Refresh di inizio anno sulla sicurezza sui luoghi di lavoro

Gennaio 16, 2019 VED Consulting

Refresh di inizio anno sulla sicurezza sui luoghi di lavoro

Anche nel 2019 la sicurezza sui luoghi di lavoro deve trovare il suo giusto spazio.

 

E’ appena iniziato un nuovo anno e, se è vero che “chi ben comincia è già a metà dell’opera”, abbiamo pensato che un breve riassunto di quanto prevede la norma vigente su igiene e sicurezza sui luoghi di lavoro possa essere utile a chiunque voglia schiarirsi le idee in merito.

PREMESSA

Per il D.Lgs. 81/08 art.2 il lavoratore è  “persona che, indipendentemente dalla tipologia contrattuale, svolge un’attività lavorativa nell’ambito dell’organizzazione di un datore di lavoro pubblico o privato, con o senza retribuzione, anche al solo fine di apprendere un mestiere, un’arte o una professione, esclusi gli addetti ai servizi domestici e familiari”.
Di conseguenza è considerato lavoratore anche il socio lavoratore, il tirocinante, l’apprendista, lo stagista. 

 

COME INIZIARE L’ANNO IN SICUREZZA

Dal momento che la normativa nasce per tutelare il lavoratore da rischi per la sua sicurezza (infortuni) e la sua salute (malattie professionali), ogni volta che un’impresa, oltre al titolare, ha almeno un lavoratore, essa è tenuta a rispettare il D.Lgs.81/08 che impone una serie di adempimenti.

In primis:

  1. La nomina del Responsabile Servizio Prevenzione Protezione.
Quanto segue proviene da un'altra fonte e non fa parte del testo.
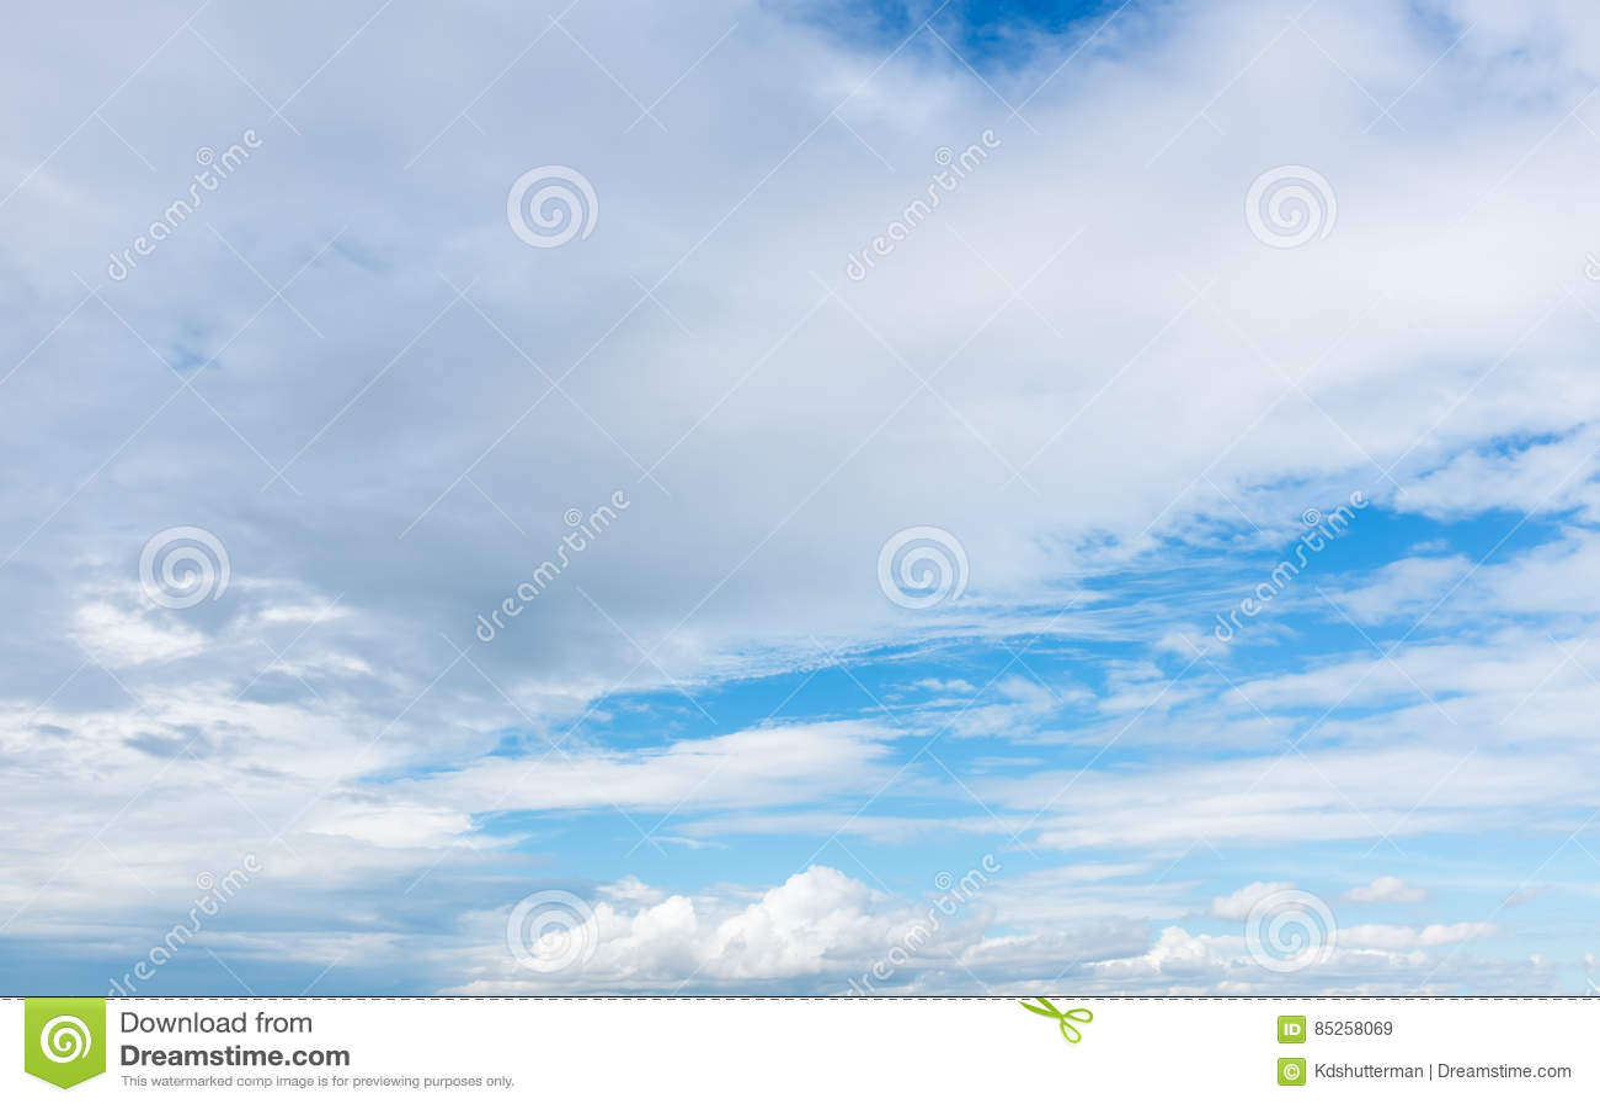 Piękny niebieskie niebo z chmurnym w kontekście niebieskie chmury odpowiadają trawy zielone niebo białe wispy natury _

Può essere il datore di lavoro o altro collaboratore interno all’azienda, o professionista esterno incaricato, con relativa formazione.
  2. L’elaborazione del documento di valutazione dei rischi generali e specifici, in base all’attività svolta dall’impresa. Ad esempio: movimentazione manuale di carichi, impatto biologico, chimico, acustico, vibrazioni, ecc.
  3. L’individuazione degli addetti alle emergenze primo soccorso e antincendio. Anche queste figure dovranno essere in possesso degli specifici attestati formativi previsti per legge.
  4. La formazione dei lavoratori. Tutti devono seguire corsi di formazione generale (4 ore) e formazione specifica (percorsi da 4, 8 o 12 ore) in base alla classe di rischio aziendale.

Dalla valutazione dei rischi emergeranno altri eventuali ulteriori adempimenti legati alla sicurezza sui luoghi di lavoro, come, ad esempio, l’incarico al Medico Competente.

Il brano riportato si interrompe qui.